Deforestation is driven by a range of proximate and ultimate causes that depend on both geographical and historical contexts (Geist and Lambin 2002). Curtis et al. (2018) attributed 27% of permanent global forest loss to commodity production, with additional losses primarily due to forestry (26%), shifting agriculture (24%), and wildfire (23%). Their analysis suggests a clear divide between developed and developing nations (“the global south”), with most commodity-driven deforestation and shifting agriculture occurring in developing nations in Latin America and Asia. However, the many different, interacting variables that drive forest loss make it challenging to understand, govern, and manage (Angelsen 2001, Geist and Lambin 2002). Broad-brush analyses gloss over complexities and feedbacks at a variety of different spatial and governance scales. Global analyses have also focused heavily on measures of landscape composition (amount of habitat or land cover) and have largely ignored changes in landscape configuration (arrangement of habitat or land cover, which, in a land-cover context, refers to the relative position and dispersion of different land-cover types). The importance of habitat configuration for deforestation has been widely explored in individual cases at finer spatial scales (e.g., Laurance et al. 2002, Perz et al. 2008, Lorena and Lambin 2009, Cumming et al. 2012), but is poorly connected to the understanding of global trends.

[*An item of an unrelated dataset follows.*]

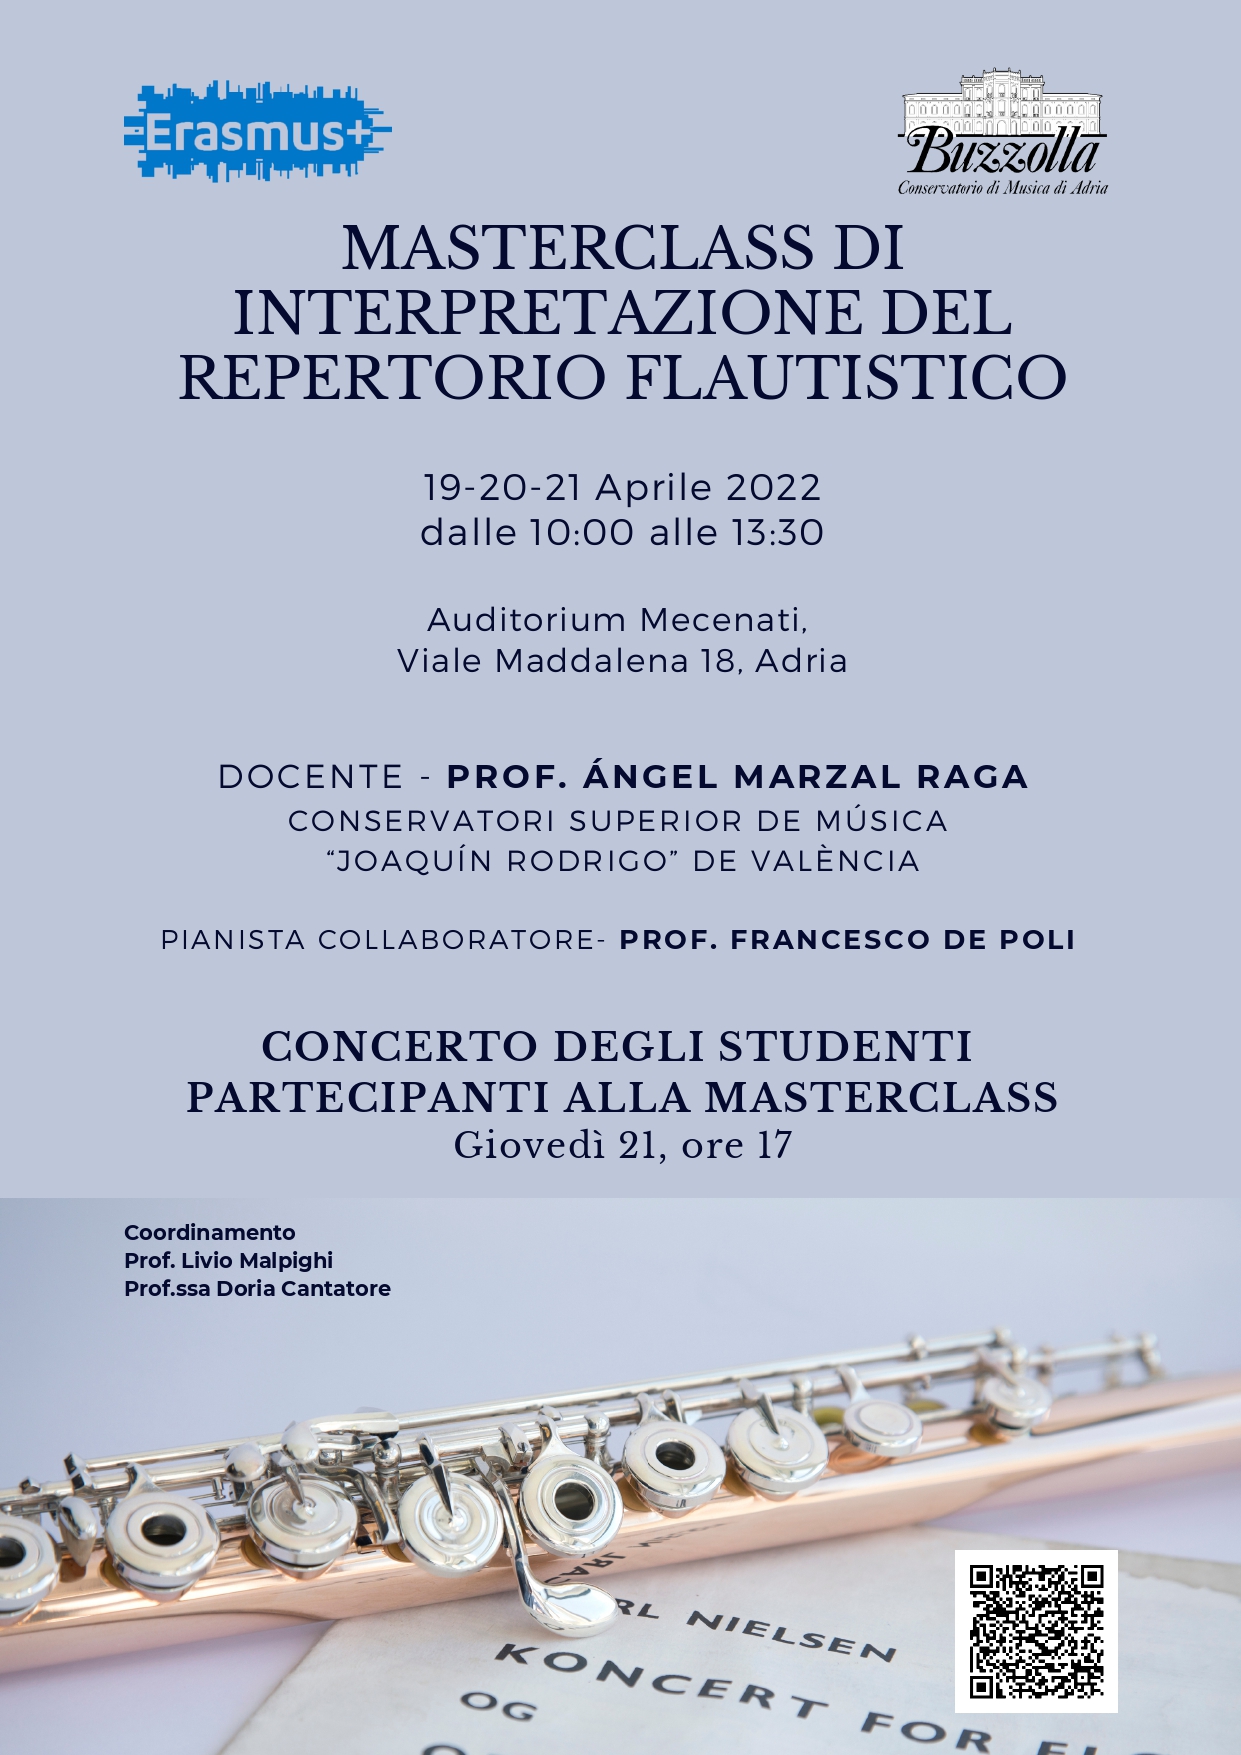 19-20-21 aprile 2022, Masterclass di interpretazione del repertorio flautistico

Several hypotheses that seek to explain changes in forests relative to wealth have been proposed. First, forest transition theory proposes that a decline in forest cover during industrialization is followed by an increase in forest cover, possibly with a substantial lag, after sufficient wealth has been accumulated (Mather 1992, 2001). Second, researchers have attempted to apply the environmental Kuznets curve (EKC; Kuznets 1955) to forests and have used it to argue that forest loss will follow a U-shaped curve in relation to economic growth. These theories propose a similar trend but different underlying mechanisms. Forest transition theory invokes a mechanism of agricultural adjustment to land quality, relying on the argument that over time, agricultural production will become focused in smaller areas of better land, with poorer land being abandoned and experiencing forest regeneration (Mather and Needle 1998). By contrast, the EKC proposes that as societies become wealthier, they invest more heavily in environmental protection and improvement, again leading to expansion of forests. Substantial concerns have, however, been raised about both of these theories. Perz (2007) has argued that forest transition theory is limited in its concept of what forests are, its treatment of forest dynamics, its explanation for forest transitions, and its generalizability. Similarly, bar a few exceptions mainly relating to pollution, the EKC has been shown to be unsuited to a wide range of environmental problems (Dasgupta et al. 2002, Stern 2004), and an extensive metareview across 76 developing nations found little support for its application to forests (Koop and Tole 1999). In general, while no one denies that changes in forest cover are nonlinear and complex, there appears to be little consensus over singular mechanistic explanations for either deforestation or reforestation (Angelsen and Kaimowitz 1999, Chowdhury and Moran 2012) and a strong need for greater awareness of context dependence in forest-cover dynamics (Perz 2007).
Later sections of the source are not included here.